Scope and Non-Goals¶
The scope of bijux-canon-agent is coordination that stays inspectable. It is not a general layer for all late-stage behavior in the system.
Scope Map¶
flowchart LR
workflow["workflow inputs"]
scope["agent scope"]
trace["trace-producing coordination"]
refuse["reasoning semantics, run authority, and maintainer automation stay out of scope"]
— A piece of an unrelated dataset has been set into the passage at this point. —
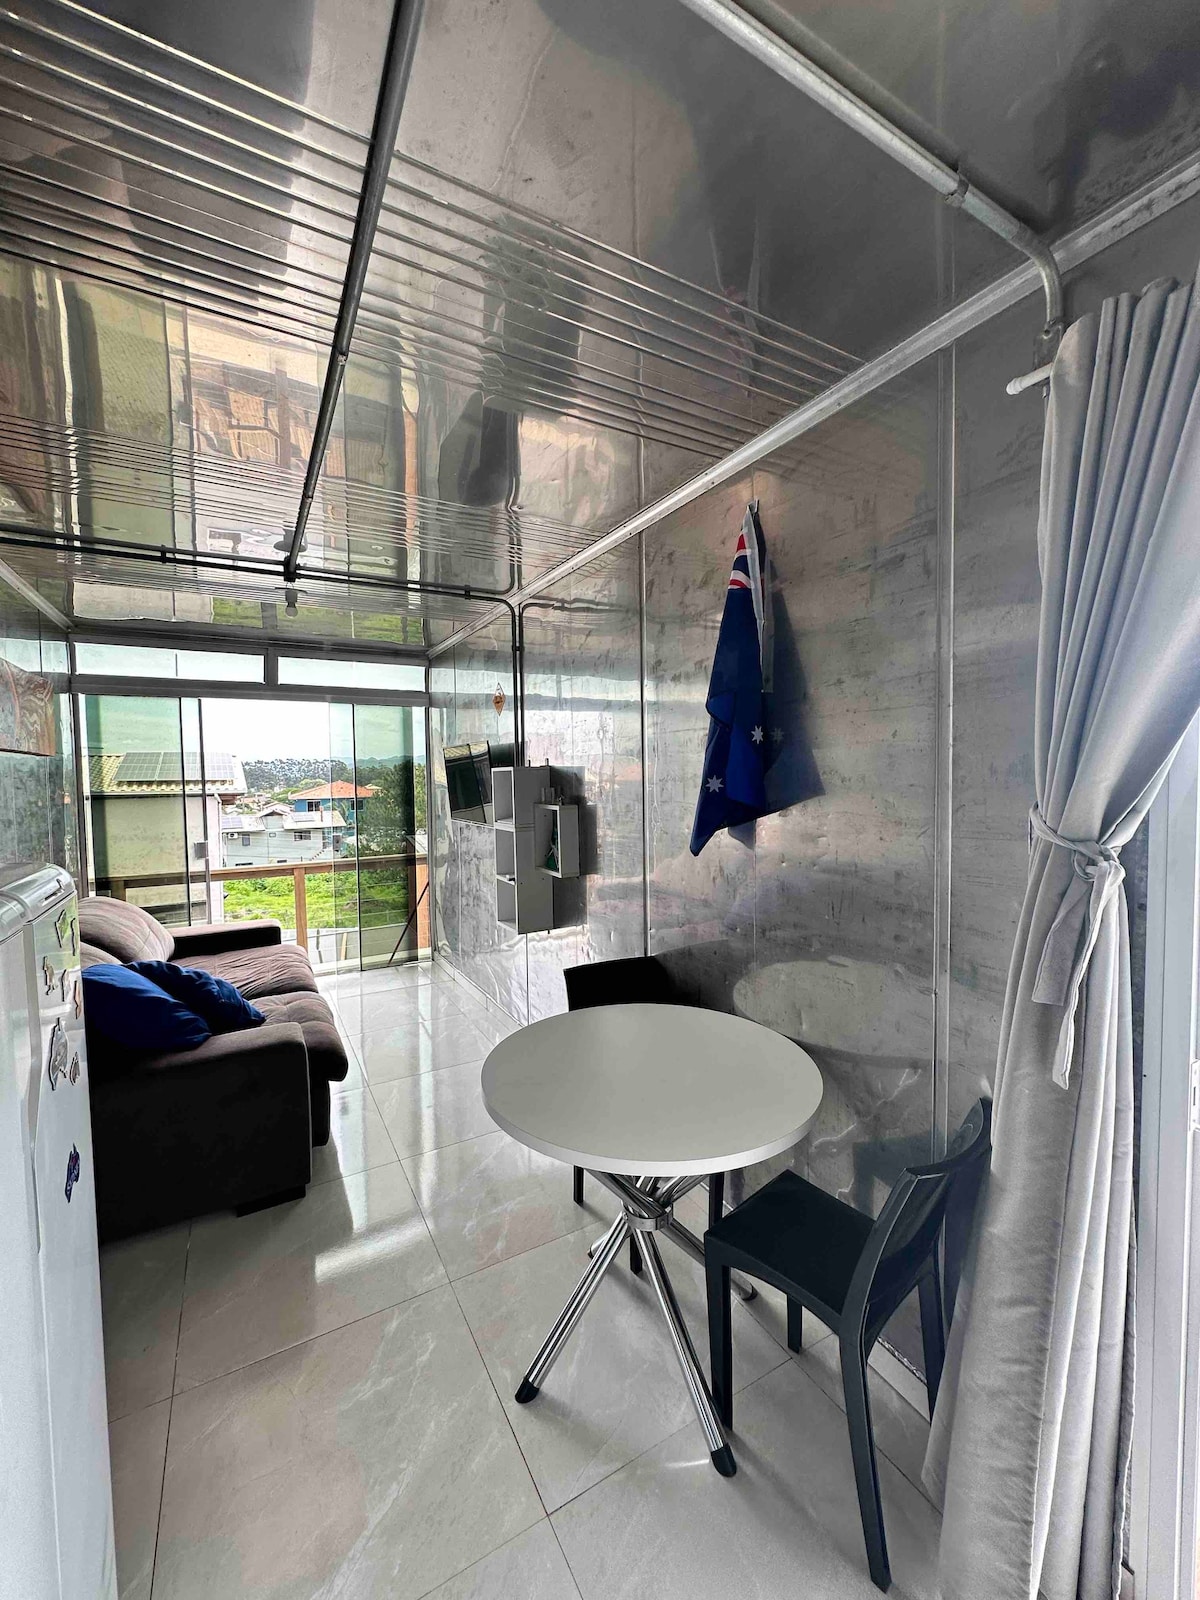 #Lake View Guest House - Container Sydney

workflow --> scope --> trace
scope --> refuse
This page should make orchestration feel constrained on purpose. Agent owns how work is coordinated and exposed, but it should stop before redefining the lower package meaning or the final runtime verdict.
In Scope¶
- deterministic workflow progression across agent roles and steps
- trace-producing orchestration surfaces that explain what happened
- agent-facing contracts that callers and neighboring packages can inspect
Non-Goals¶
- retrieval or reasoning semantics inside lower packages
- final authority over persistence, replay acceptance, or governed runs
- repository-wide maintainer automation and release mechanics
Scope Check¶
If the change makes workflows harder to reconstruct from traces, the package is getting more magical instead of more useful.
Design Pressure¶
If agent becomes a catch-all for anything late in the chain, traces stop being enough to reconstruct what happened. The non-goals preserve orchestration as a reviewable layer instead of a vague convenience layer.